The Redfern Aboriginal Tent Embassy was established on National Sorry Day on 26 May 2014, when Jenny Munro, her husband Lyall Munro Jnr, and other Aboriginal elders erected numerous tents on the otherwise vacant land. There were formerly houses on The Block, which were purchased with a grant from the Whitlam government in 1972, as a result of a campaign led by Bob Bellear to secure low-cost housing for Aboriginal people. This was because Aboriginal people were subjected to severe discrimination when seeking accommodation in the private rental market. Purchase of houses continued over time.
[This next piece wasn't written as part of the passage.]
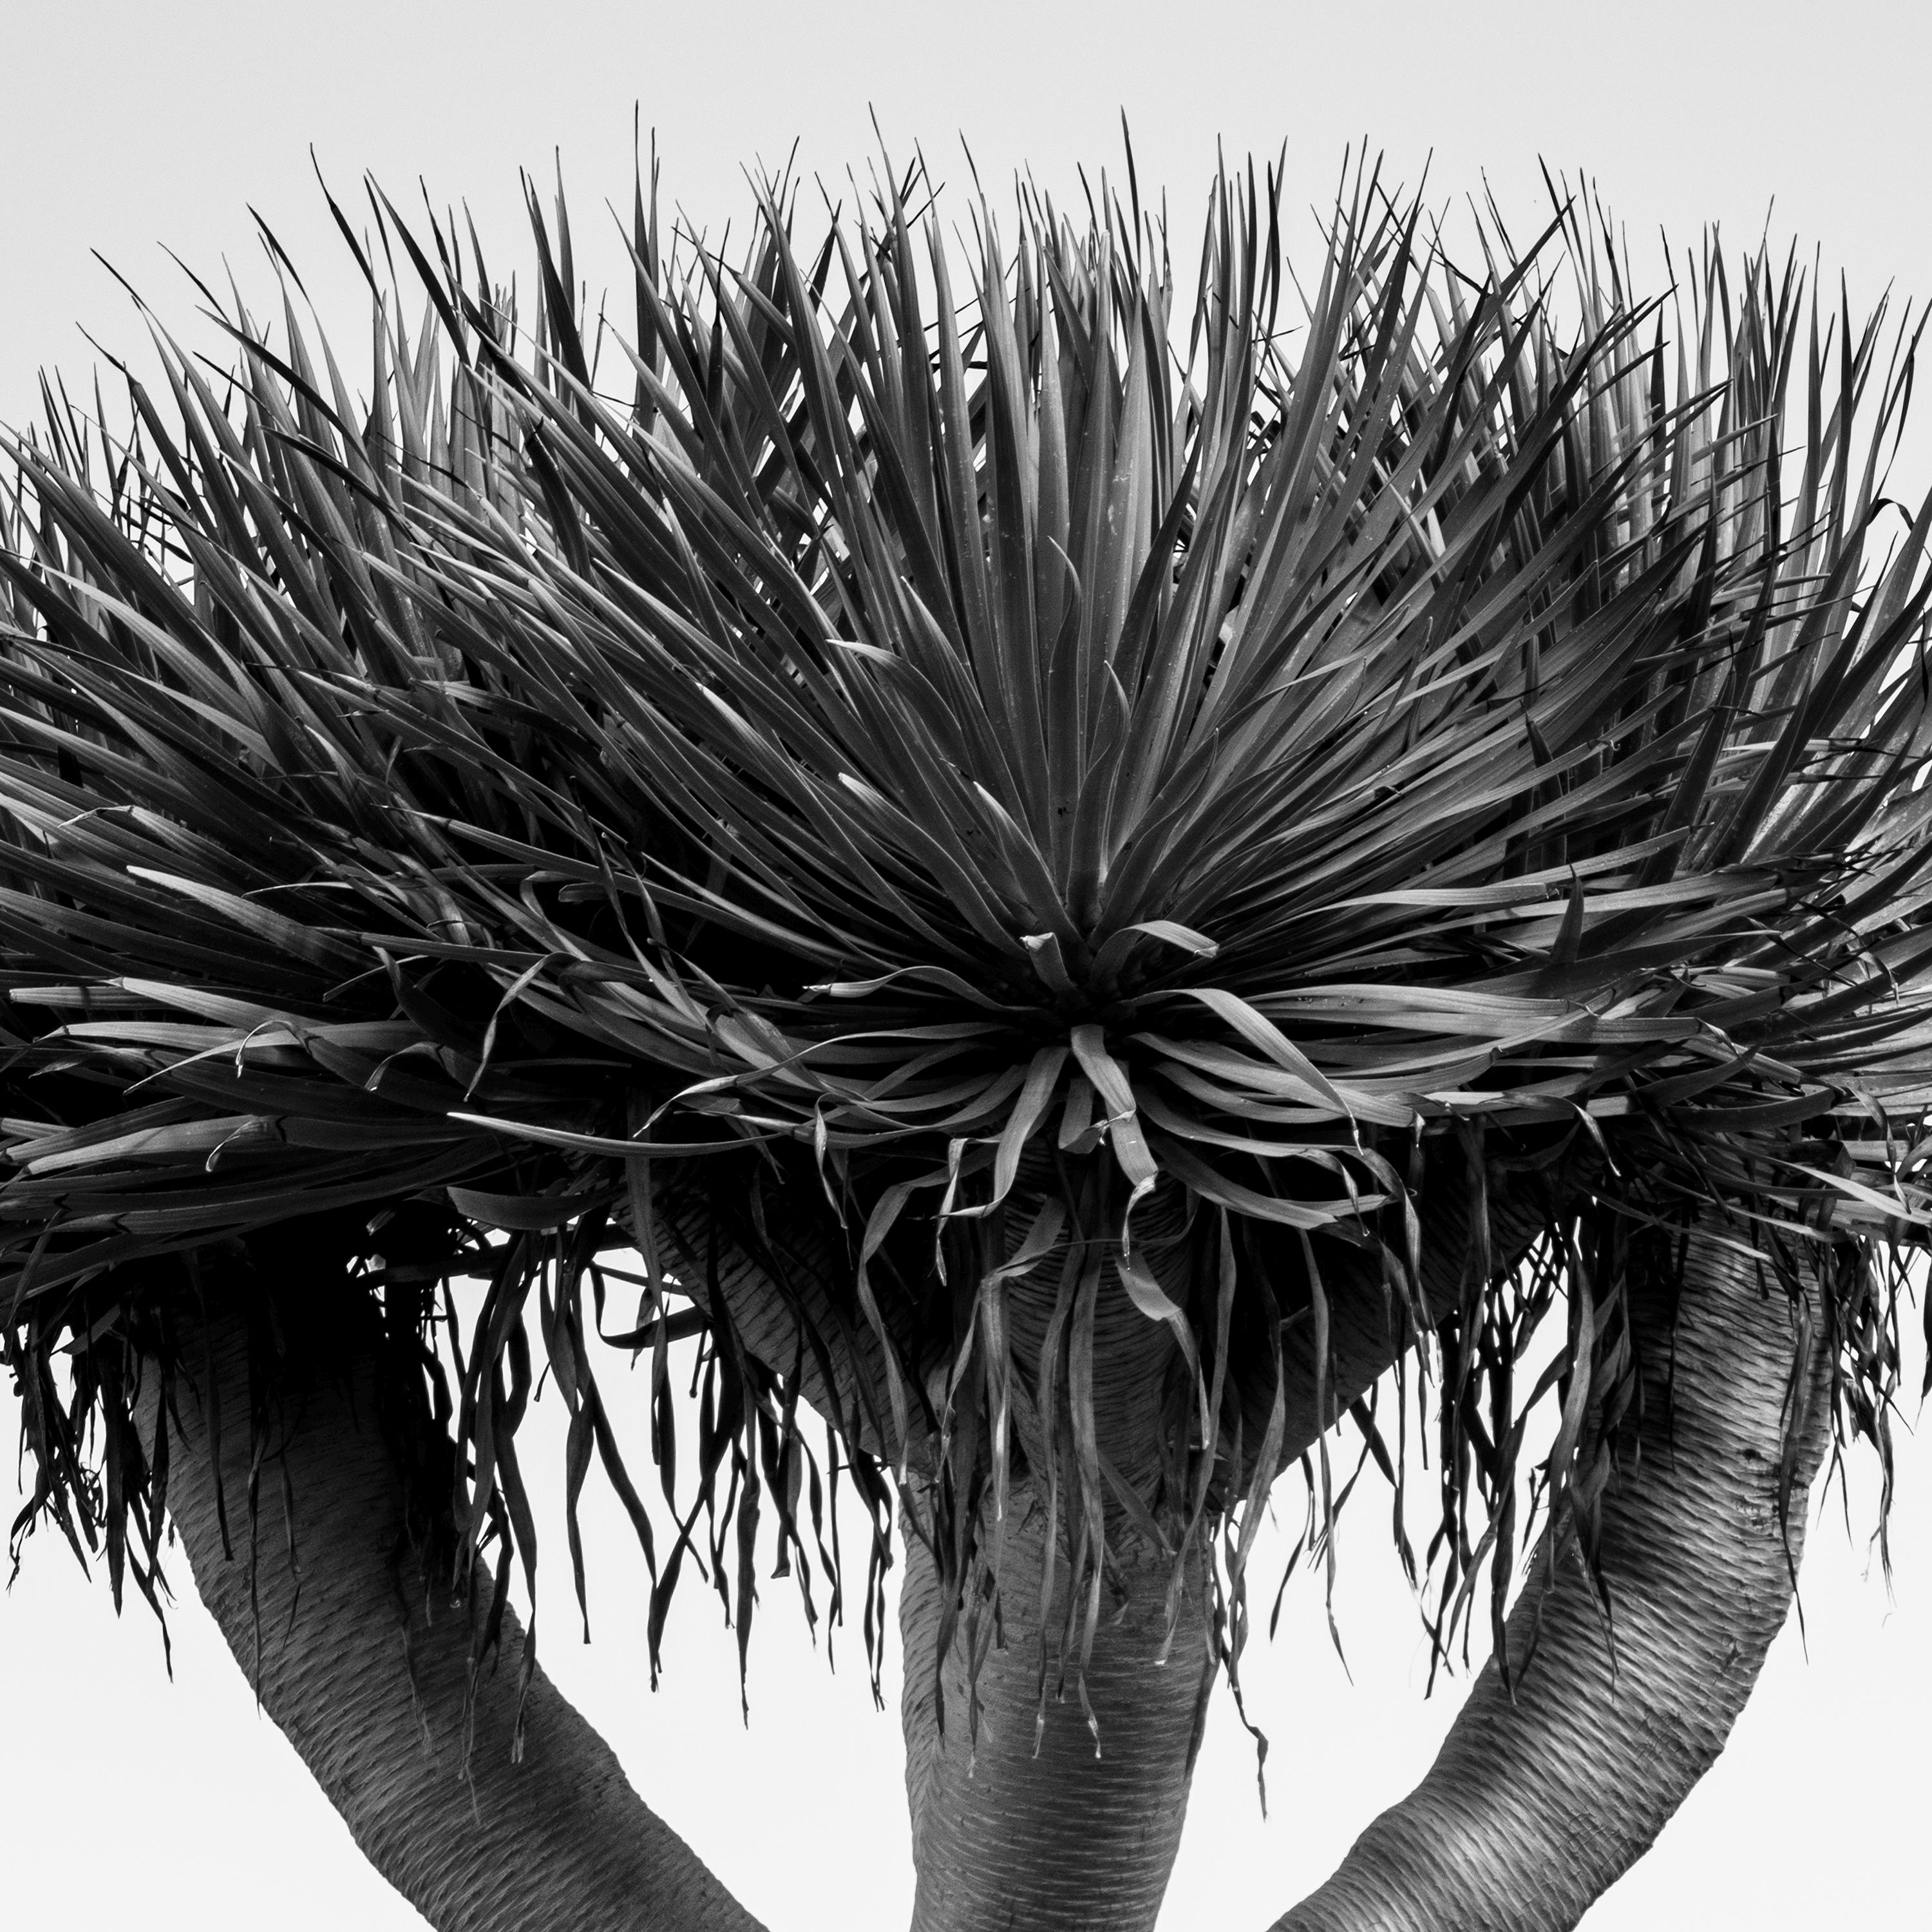 Canary Islands Dragon Tree Madeira Black and White Fine Art Landscape Photograph For Sale 8

The Aboriginal Housing Company (AHC), an Aboriginal charity, was set up to administer and oversee the provision of low-cost housing for Aboriginal people. Over the years, there were complaints that the AHC was not transparent about its financial affairs, and it was accused of nepotism and mismanagement. As median house prices in Redfern doubled in the late 1990s, the AHC began evicting Aboriginal tenants from The Block, and moving them to other AHC-owned houses further away from Sydney's centre. The AHC then demolished the vacated houses on The Block.

Munro said The Block is sacred, sovereign Aboriginal land. But on 26 May 2014, the CEO of the Aboriginal Housing Company, Michael Mundine, said that The Block was private land. However, he told reporters that he would not instruct the police to remove the tent embassy inhabitants from the site.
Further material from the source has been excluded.